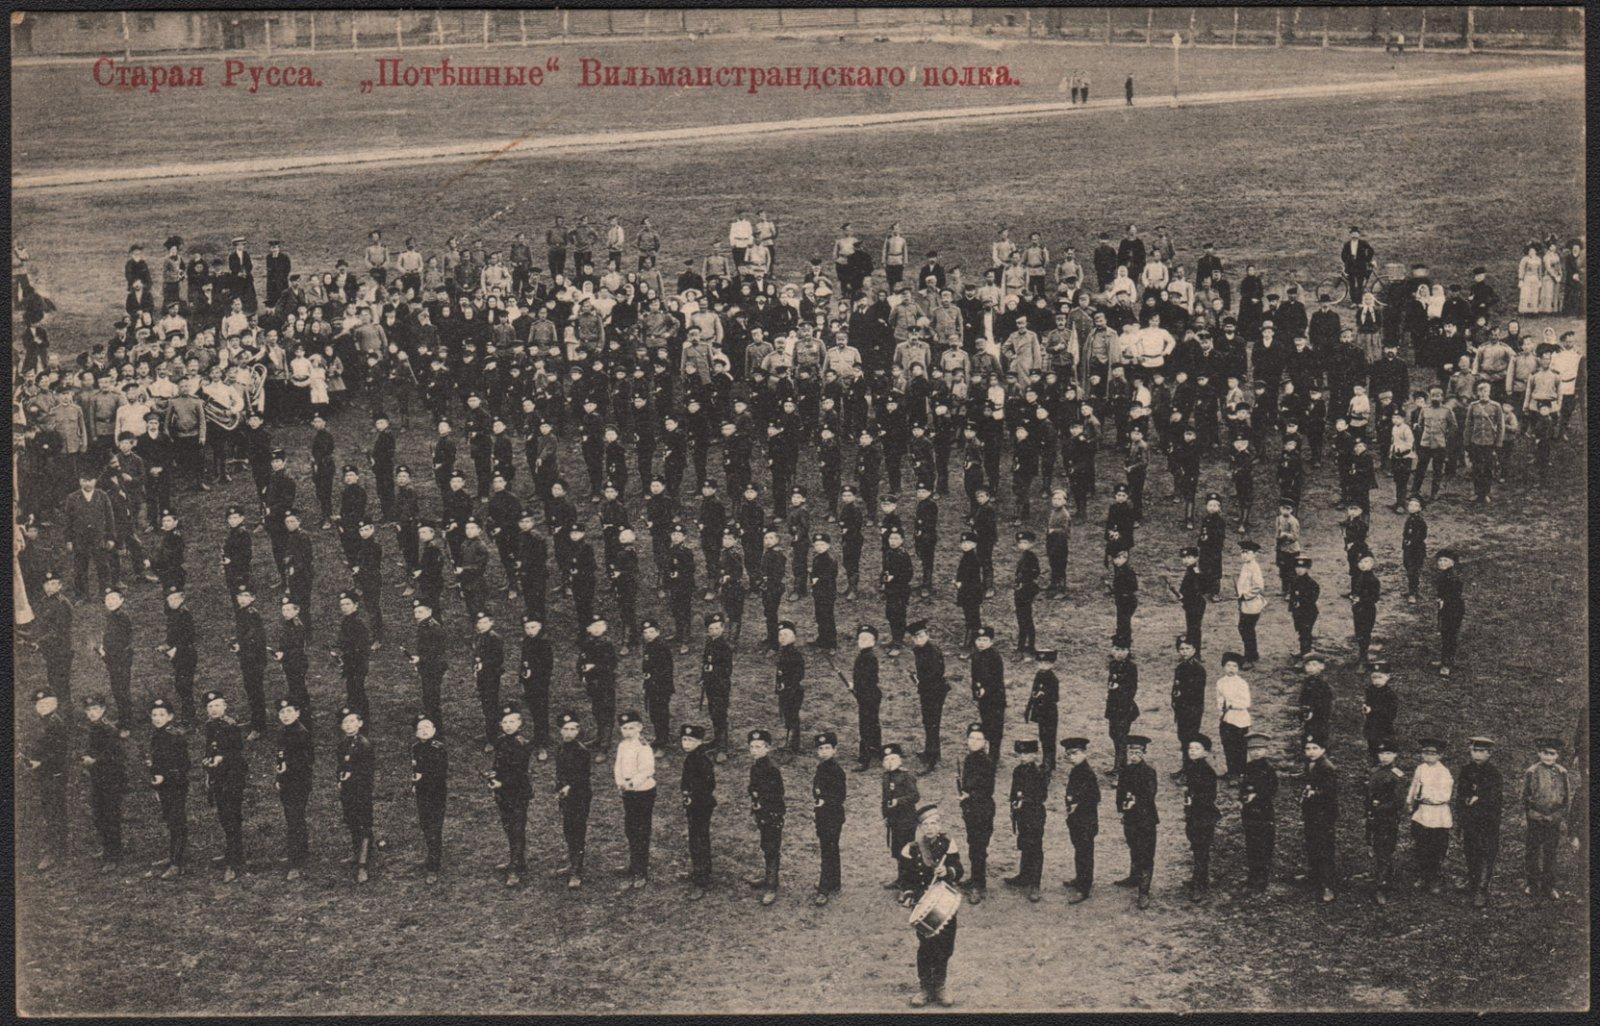 86-го пехотный Вильманстрандский полк. Потешные
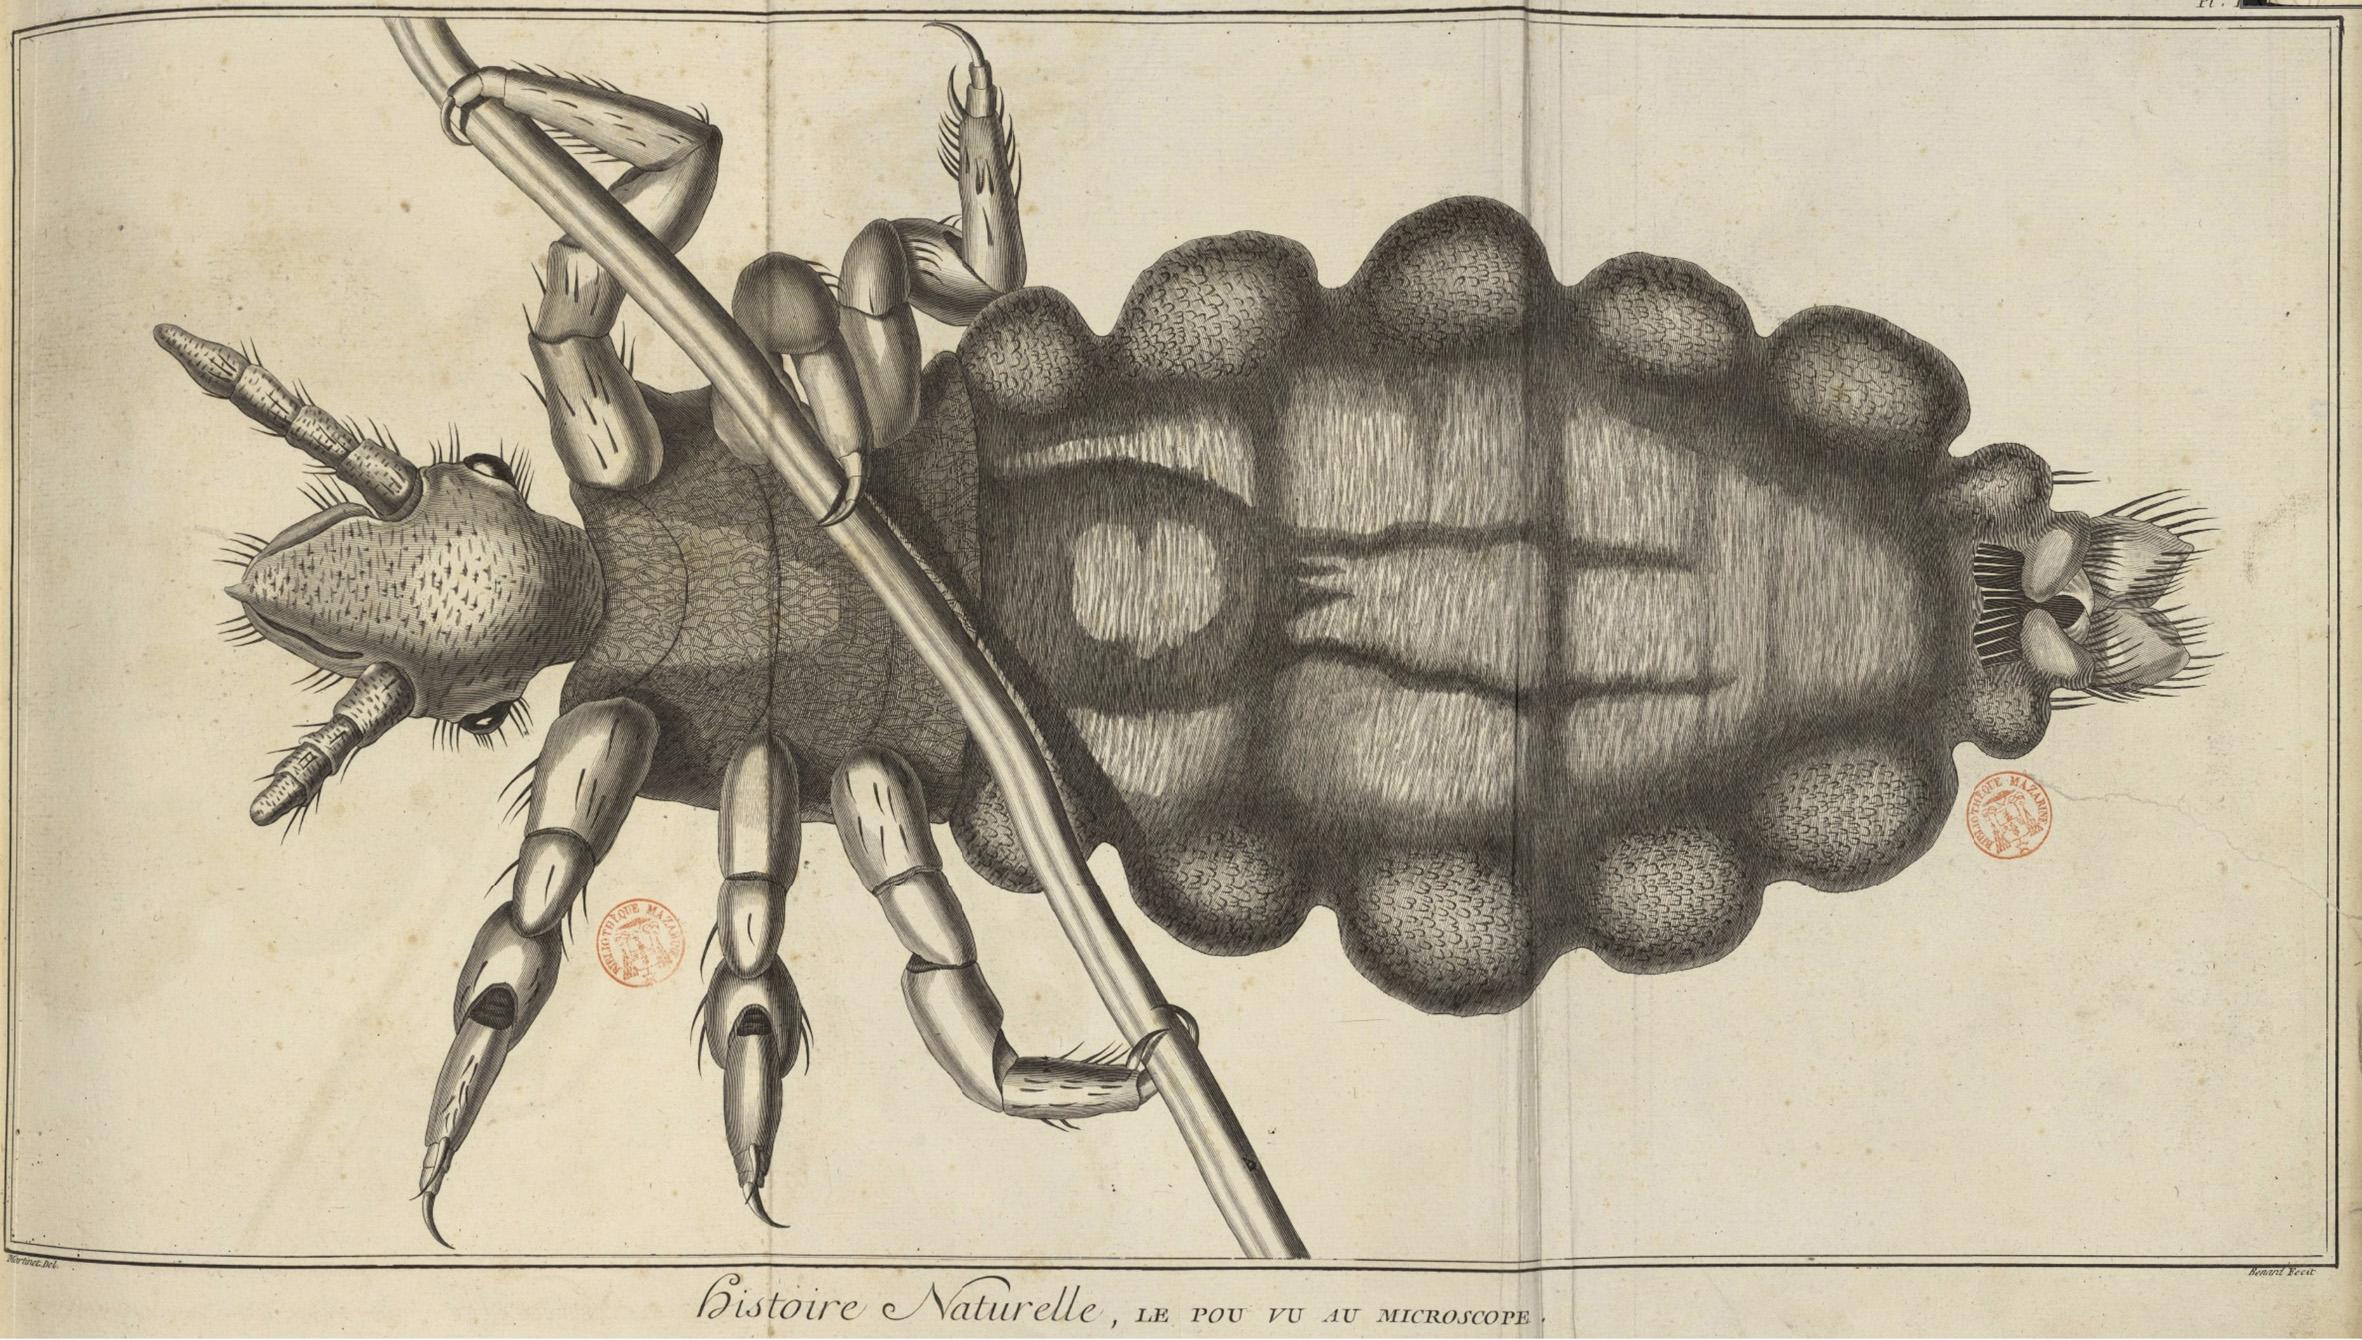 Un pou vu au microscope, tiré de L'Encyclopédie de Diderot-d'Alembert.
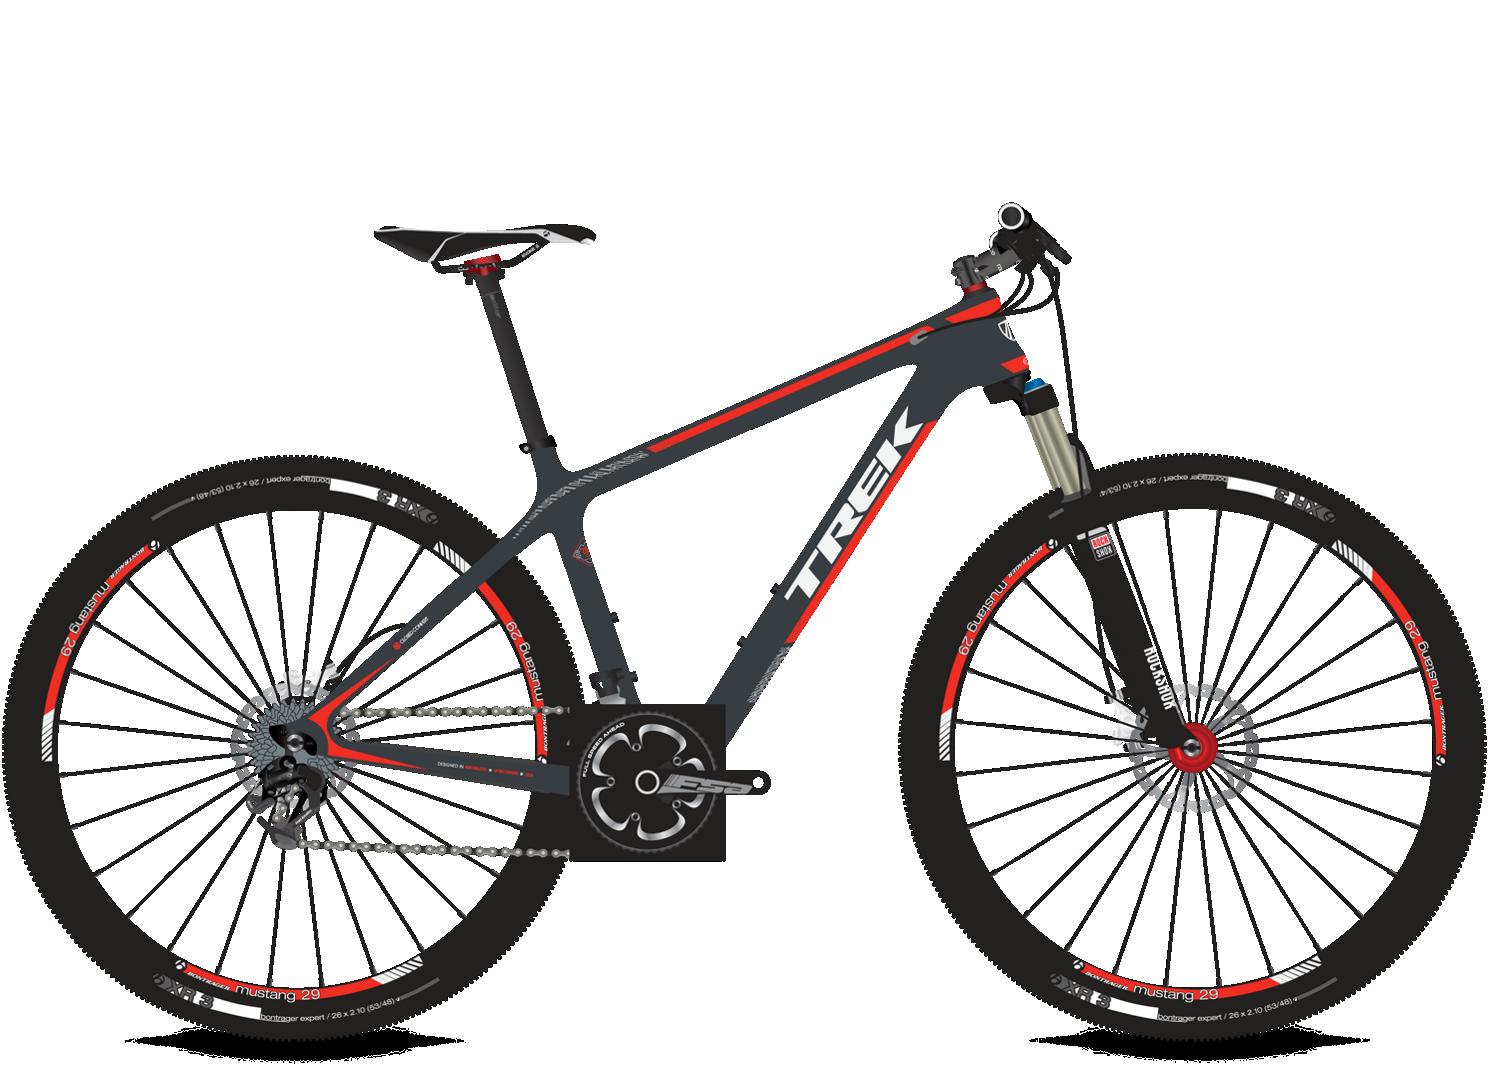 2014 Superfly 9 6 Bike Archive Trek Bicycle
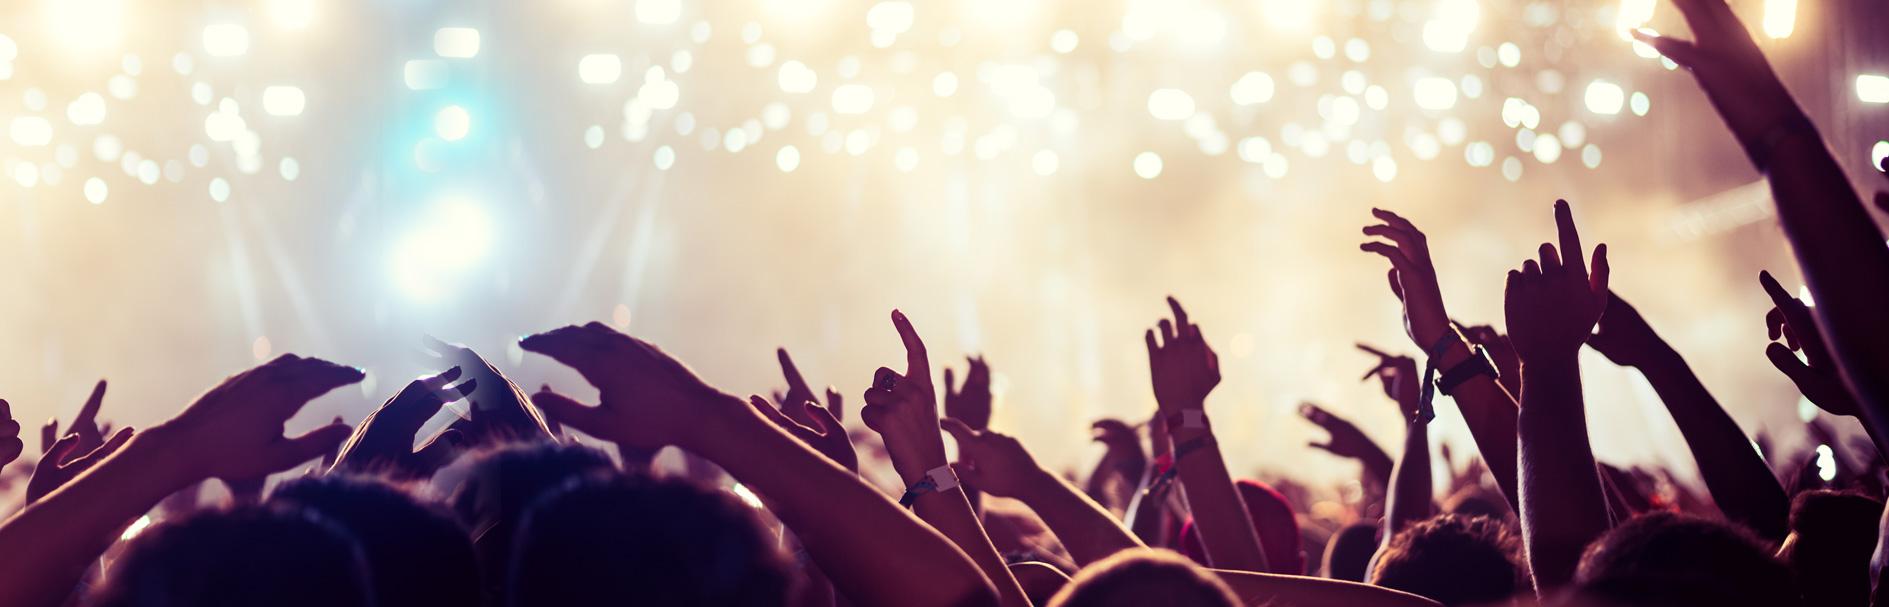 https://www.goldcoasttransportation.com/wp-content/uploads/2019/07/concerts.jpg

■ DIRECTIONS FOR THIS TASK
Copy out all the data exactly. No images belong in the copy.

■ RESPONSE TO THE TASK
 86-го пехотный Вильманстрандский полк. Потешные
 Un pou vu au microscope, tiré de L'Encyclopédie de Diderot-d'Alembert.
 2014 Superfly 9 6 Bike Archive Trek Bicycle
 https://www.goldcoasttransportation.com/wp-content/uploads/2019/07/concerts.jpg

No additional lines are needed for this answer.